Welcome to Data on Kubernetes Day at KubeCon North America 2021. We’re glad to have you with us as we journey through the data on Kubernetes landscape today. We have over 20 talks that’ll walk us through the high level, including case studies with end users like DreamWorks Animation, Zalando, Sourcegraph, Macquarie Bank, and the 99 group, as well as the practical how-tos and tutorials to help you start your journey of running data on Kubernetes. My name is Melissa Logan, and I’m the director of the Data on Kubernetes Community. I’ve been working in tech for over 20 years and open source primarily for the past decade. In that time, I’ve had a front row seat to the rise of several new paradigms that have shaped our industry, starting with the .com era in the 2000s, Big Data, virtualization, cloud containers, open source. In recent years, we’ve seen a lot of energy around Kubernetes as it matures into its position as the de facto standard container orchestrator. This has been especially pronounced in the past year due to the pandemic, which has accelerated its transformations everywhere, and has fueled more open source software adoption overall. We all know Kubernetes for its ability to run stateless workloads, that’s what it was designed to do originally. And until persistent volumes came around, there wasn’t a reason to even think about doing stateful workloads on Kubernetes. When PVs made it possible and the operator pattern emerged, the organizations that had seen efficiencies running stateless workloads started doing so with stateful workloads. But it can be really challenging to run data on Kubernetes. We have early patterns for success, but they haven’t been hardened into code or standards. Today, I’m here to share data from the first ever data on Kubernetes survey that tells us how people are running data on Kubernetes today, challenges and benefits, and what the future may hold. 

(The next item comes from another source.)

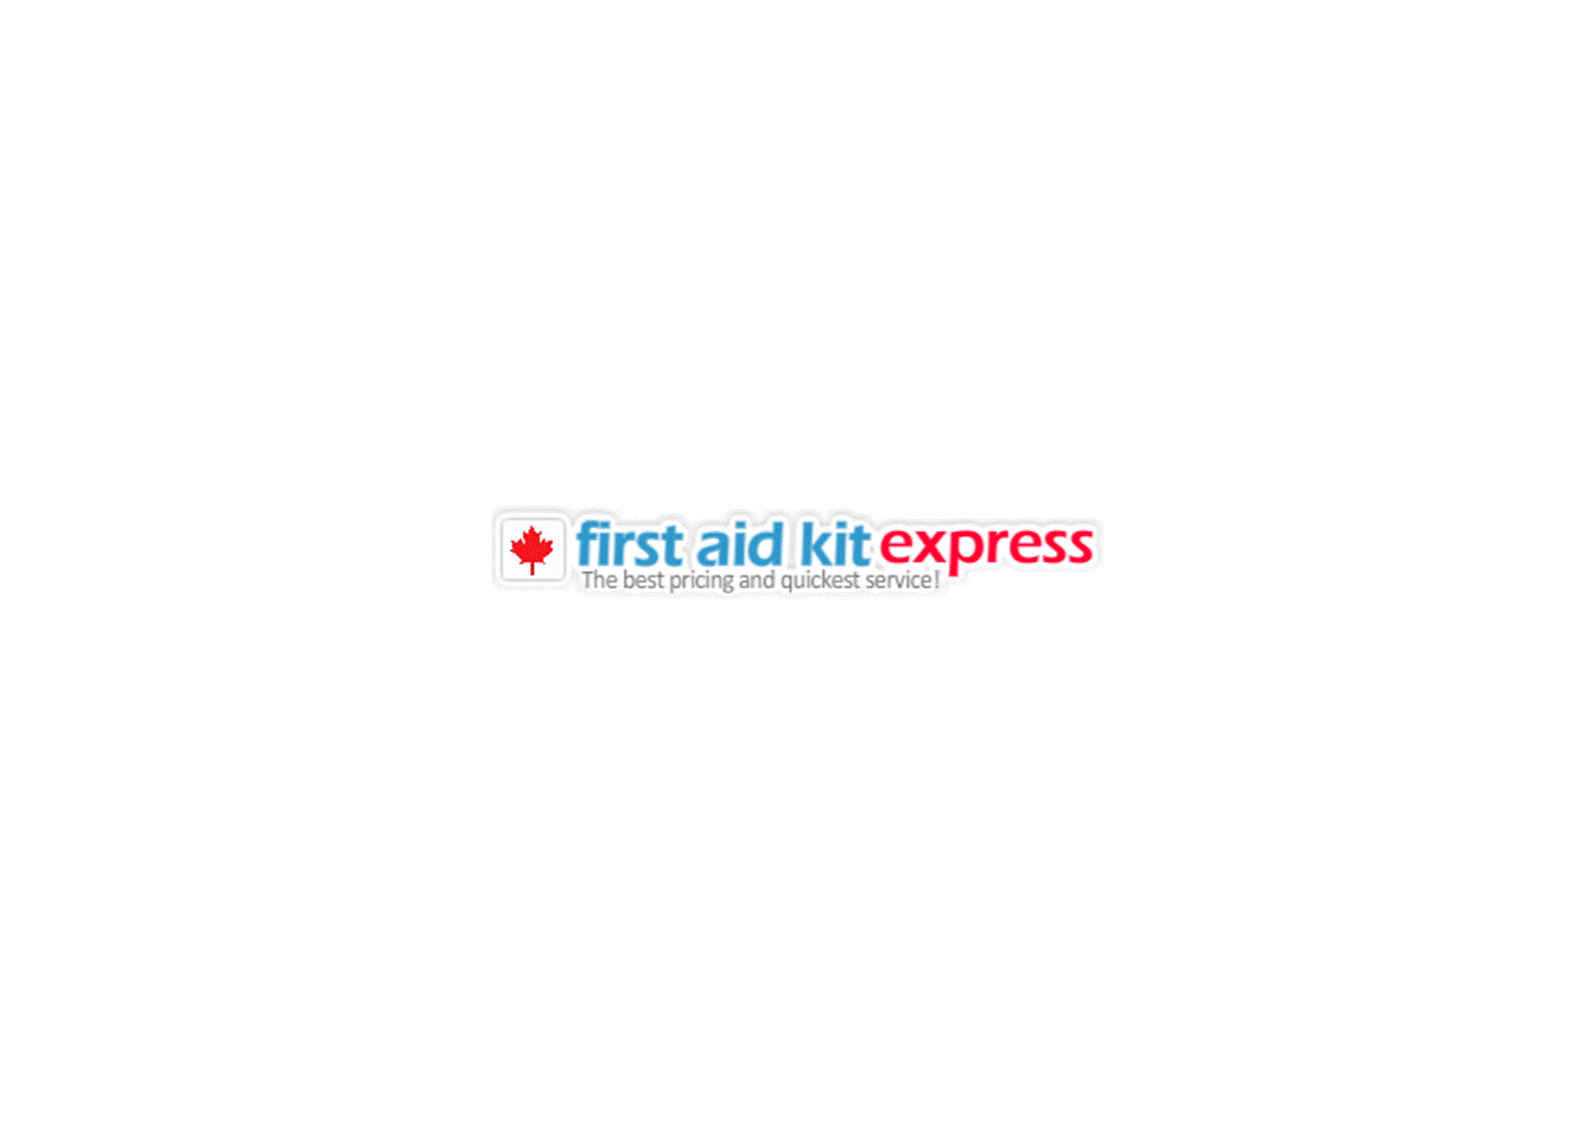 First Aid Kit Express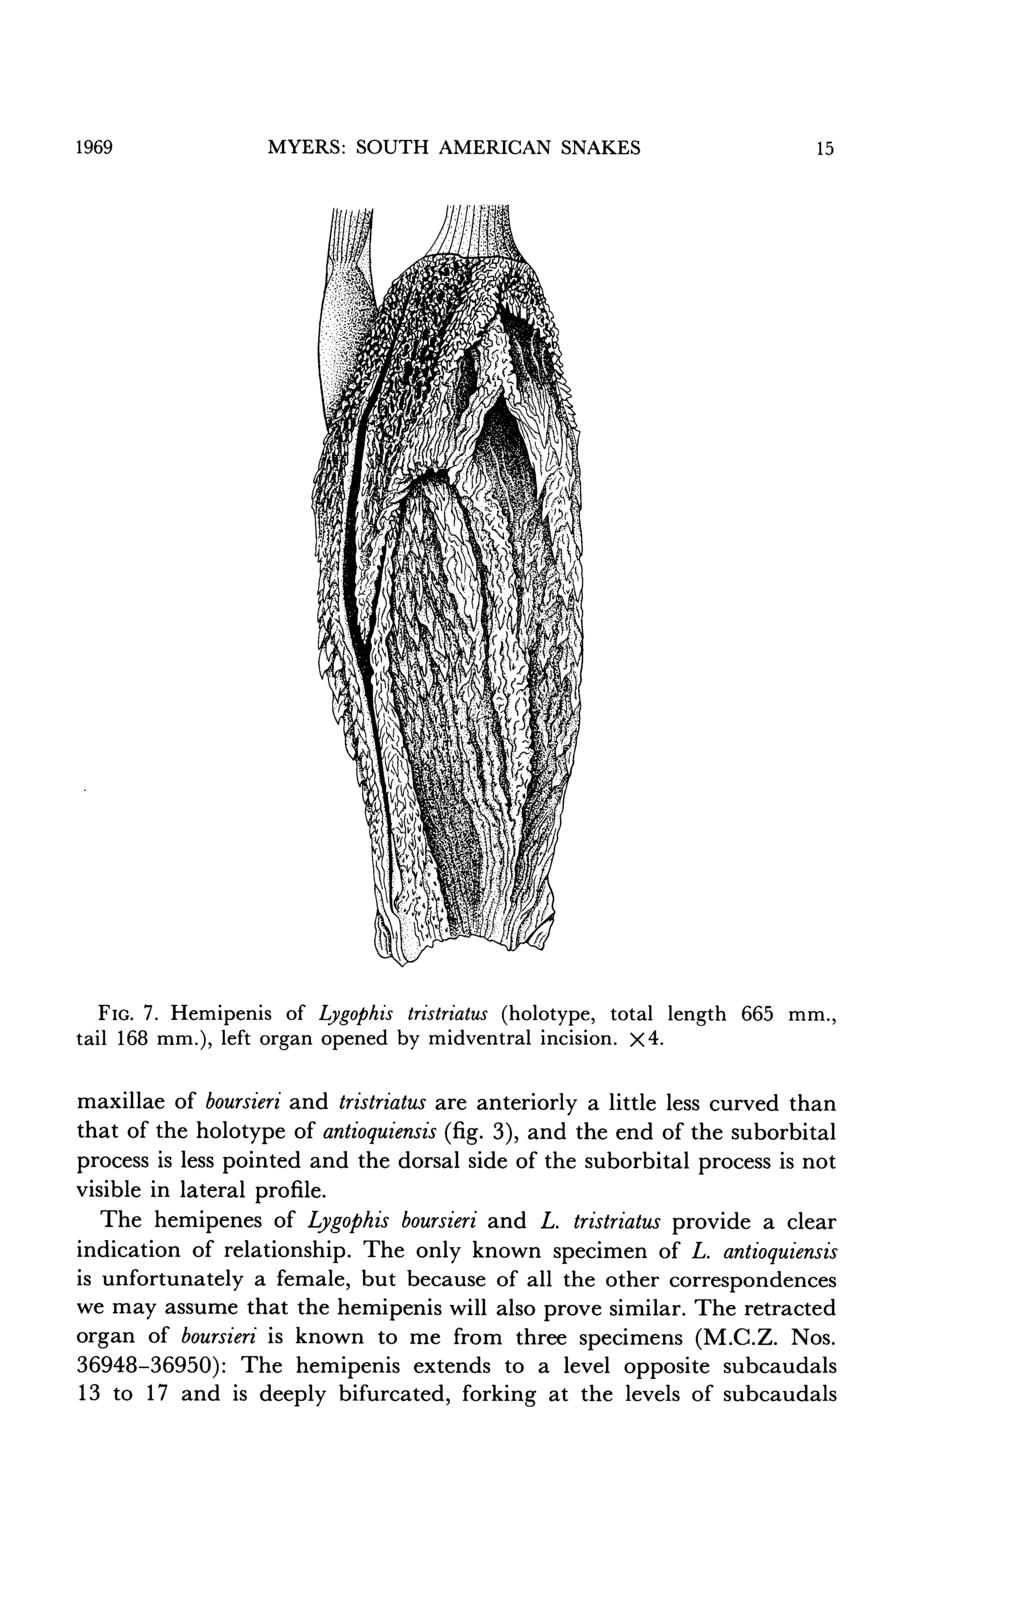 1969 MYERS: SOUTH AMERICAN SNAKES 15 FIG. 7. Hemipenis of Lygophis tristriatus (holotype, total length 665 mm., tail 168 mm.), left organ opened by midventral incision. X4.

Before we dive into the survey, for those of you who are new to us, we’re glad you’re here. DoKC is a new community just over a year old. It’s a group of practitioners who are sharing techniques and best practices for running data on Kubernetes. We’ve held 100 meetups, and we have a growing community of 1000s of people on Slack. The first DoK Day was actually held earlier this year at KubeCon in Europe. We had a few hundred people register in the spring, and this being our second event, there are over 3,000 people who have registered to be with us today. We’re seeing a growth in interest in this topic across all vectors. The community was originally stewarded by MayaData and later on DataStax. And the intention was always to bring more people together to solve these challenges. To do that, we recently announced a new governance structure and over 20 sponsors joined us to focus on that mission. These sponsors believed industry needs a place to collaborate to solve the challenges of working with data on Kubernetes. The addition of sponsors allowed us to field the survey we’ll talk about today, and it’s helping us facilitate an industry conversation among our sponsors and the community at large. We want to say a special thank you to our platinum sponsors DataStax, EnterpriseDB, MayaData, and PortWorx by Pure Storage for enabling us to be here with you today, as well as gold sponsors, Percona, and Red Hat, and our silver sponsors. The DoK community is in the process of forming working groups to help us better define the data on Kubernetes use cases and common challenges as a means of developing our collective roadmap for DoK. This also includes the formation of an end user working group to shed light on these questions. We talked to a number of end users both inside and outside our community today to understand the challenges they face running data on Kubernetes. And in the community, we’re able to bring these people together to collectively learn and grow. The bottom line is that we’re just getting started and if you’re running data on Kubernetes, or want to learn, it’s a great time to get involved, so please reach out to us.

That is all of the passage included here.